International aid organizations and the local Turkish and Syrian communities have been rallying Ottawa residents help the millions of victims of the powerful earthquakes that devastated parts of Turkey and Syria in early February leaving more than 52,000 dead.
The Syrian Cultural Association and the Turkish Student Association of the University of Ottawa held fundraisers within days of the Feb. 6 earthquakes, collecting money as well as clothing, tents and other necessities.
Sami Shukri, of the Syrian Cultural Association, said there was a good turnout at the events, with many participants contributing.
Shukri has family in Syria affected by the magnitude 7.8 and 7.7 quakes that hit southern and central Turkey and northwest Syria. He said some people are going into their homes amid fears the buildings could collapse on them and that many are sleeping in cars if they’re fortunate enough to have one.
“A lot of our infrastructure — none of it has been prepared for such a powerful earthquake,” he said.
‘I just want everyone to not forget that what you’re seeing on the news — these are real people, that could be your family.’— Sami Shukri, Syrian Cultural Association
As of early March and amid ongoing aftershocks, nearly 46,000 deaths in Turkey and at least 6,700 in Syria had been confirmed. More than 20 million people have been affected by the quakes, which have left more than 1.5 million people without homes, according to the United Nations.
Rain Alkhalel, a design executive with the Syrian Cultural Association and a refugee from Syria, said she has family and friends whose lives have been upended by the earthquake.
“My country cannot handle any more hurt, and any more pain, and any more destruction,” she said. “I’m just praying and trying to do my best from afar. As you can imagine it still hurts that I can’t be there and help out. But I’m trying my best here.

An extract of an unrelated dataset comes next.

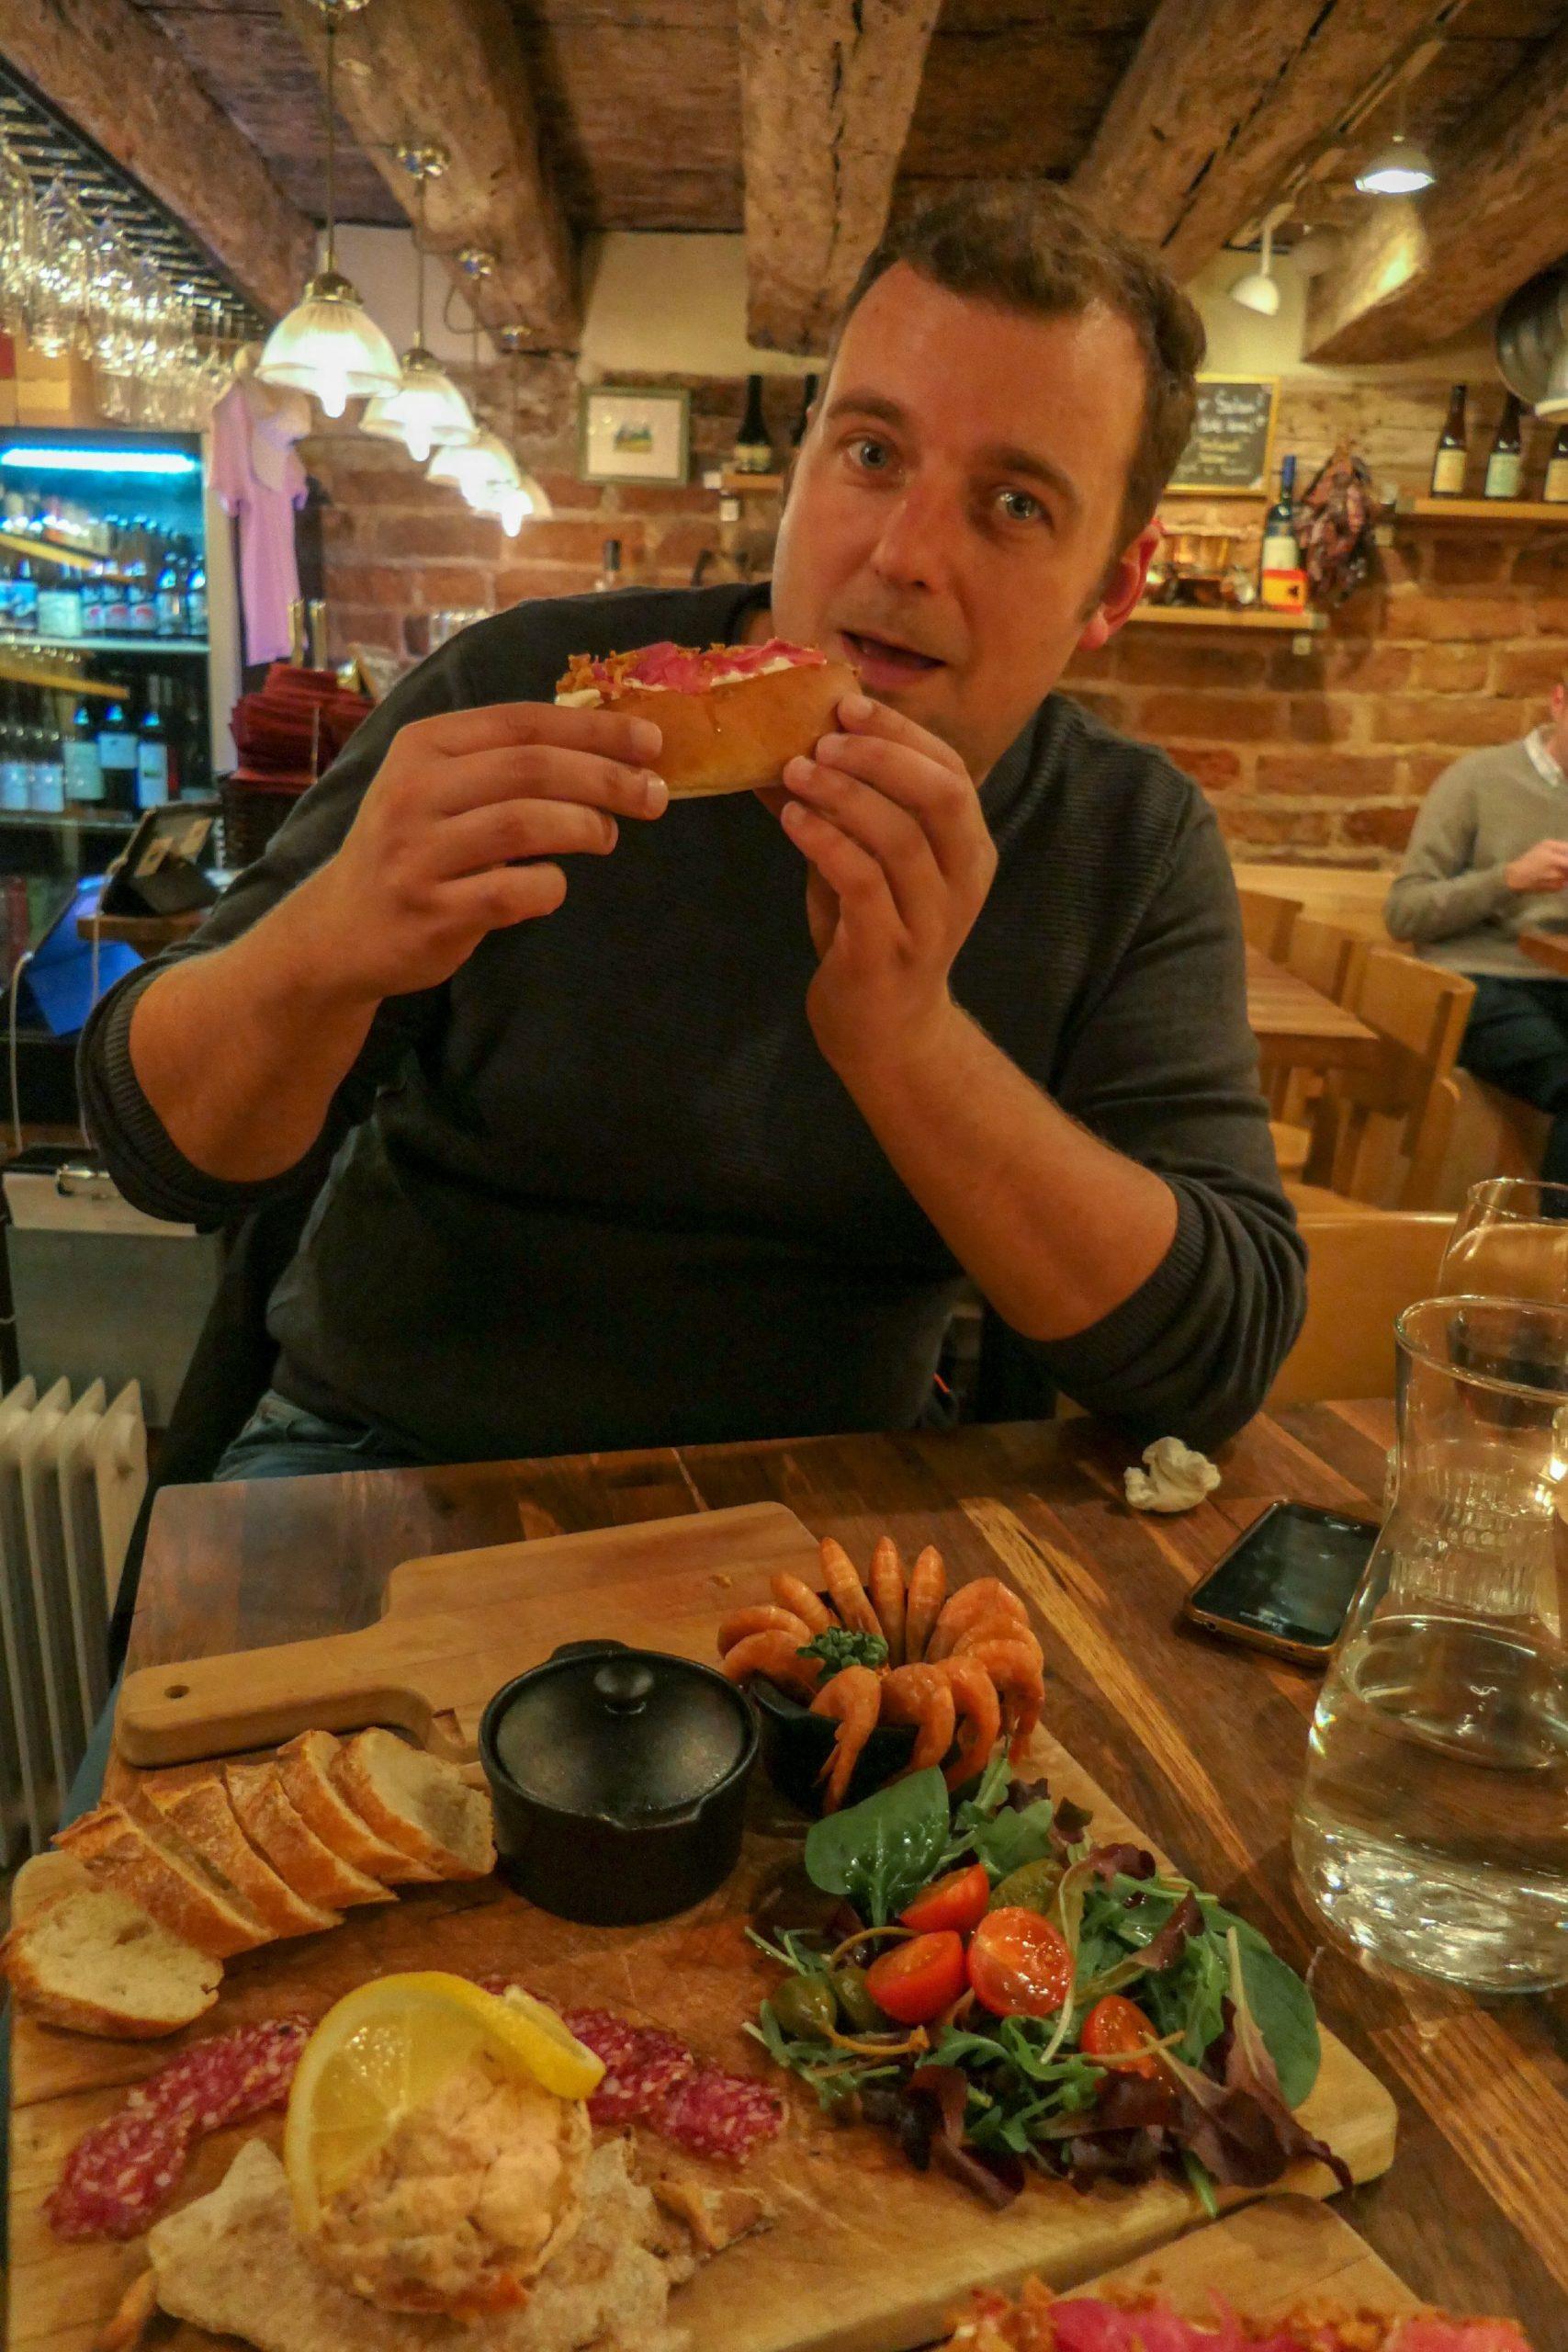 Stockholm Schweden Städtetrip Restaurant The Hairy Pig Deli Gamla Stan Abendessen Wildschwein Hot Dog

“Everyone there is my family at the end of the day, so we’re just trying our best to make sure they get the help they need.”
The Syrian Cultural Association has held several fundraisers, raising thousands of dollars to support relief efforts.

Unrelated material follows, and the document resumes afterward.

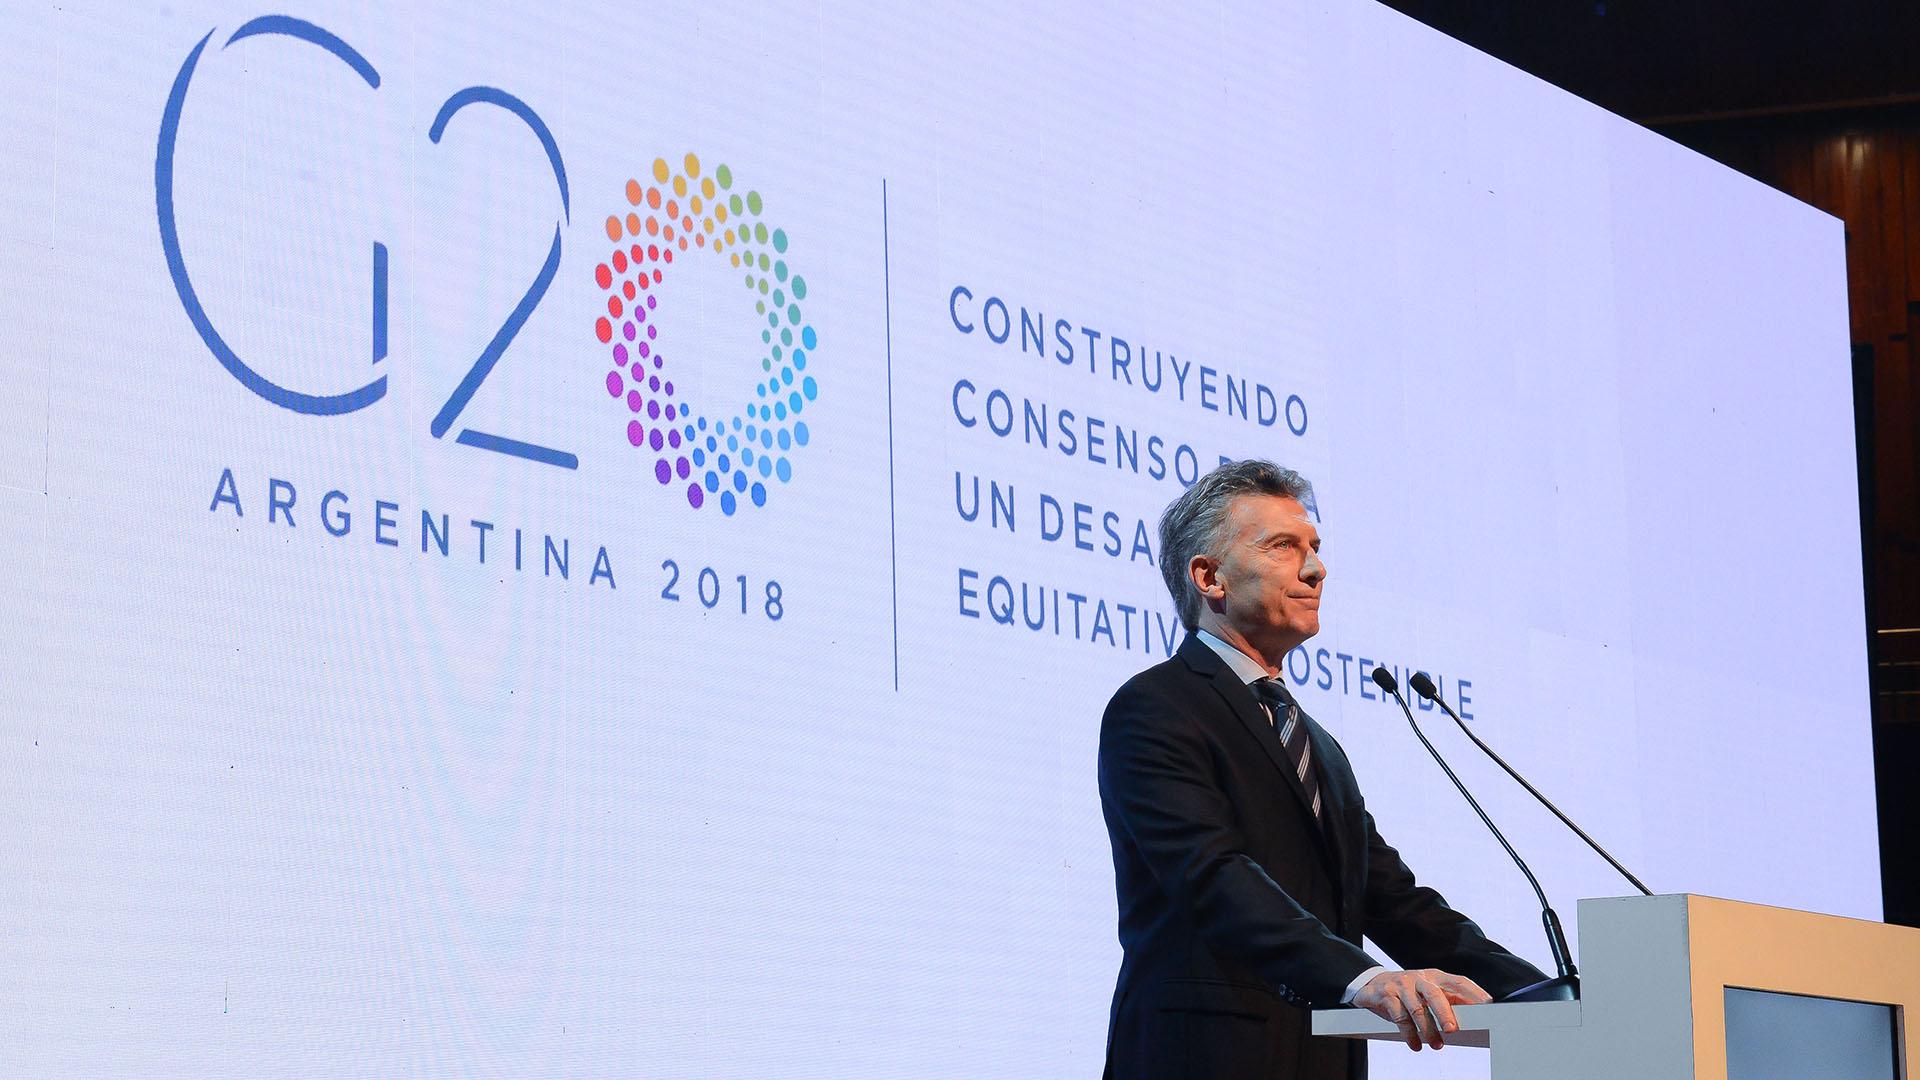 El presidente Mauricio Macri, durante la presentación del G20 en Argentina

“I just want everyone to not forget that what you’re seeing on the news — these are real people, that could be your family,” Shukri said. “I just wish people weren’t so desensitized to the horrible things going on in the world.”
In the days after the quake, the Turkish Embassy in Ottawa invited Ottawa residents to support aid agencies in responding to the disaster.
“Those who want to help the disaster victims within the scope of the earthquakes that occurred on Feb. 6, 2023 and caused great damage in Kahramanmaraş and the surrounding provinces can donate via the links below,” the embassy stated.
‘This is a crisis it’s going to go on for a long time. We celebrate the donations that have come in so far, but it’ll never be enough. We need to keep going. We need to keep helping.’— Marg Buchanan, senior manager of marketing and communications, Humanitarian Coalition
The Ottawa-based Humanitarian Coalition unites 12 Canadian aid organizations in responding to international disasters and coordinating fundraising.
Marg Buchanan, senior manager of marketing and communications for the coalition, said it’s easier to direct donors to the umbrella organization rather than deciding which of 12 agencies to support.
“As we see the images and we get the news, the disaster unfolds,” she said. “And you realize just how awful it is. It’s very scary, it’s very tragic.”
Buchanan said that there has been a surge of support from many people, including local businesses and individuals participating in fundraisers.
Within 10 days of the earthquake, the coalition had raised $9.5 million.
“This is a crisis it’s going to go on for a long time,” she said. “We celebrate the donations that have come in so far, but it’ll never be enough. We need to keep going. We need to keep helping.”
Anyone wishing to make a donation to support victims of the earthquake can do so at www.together.ca.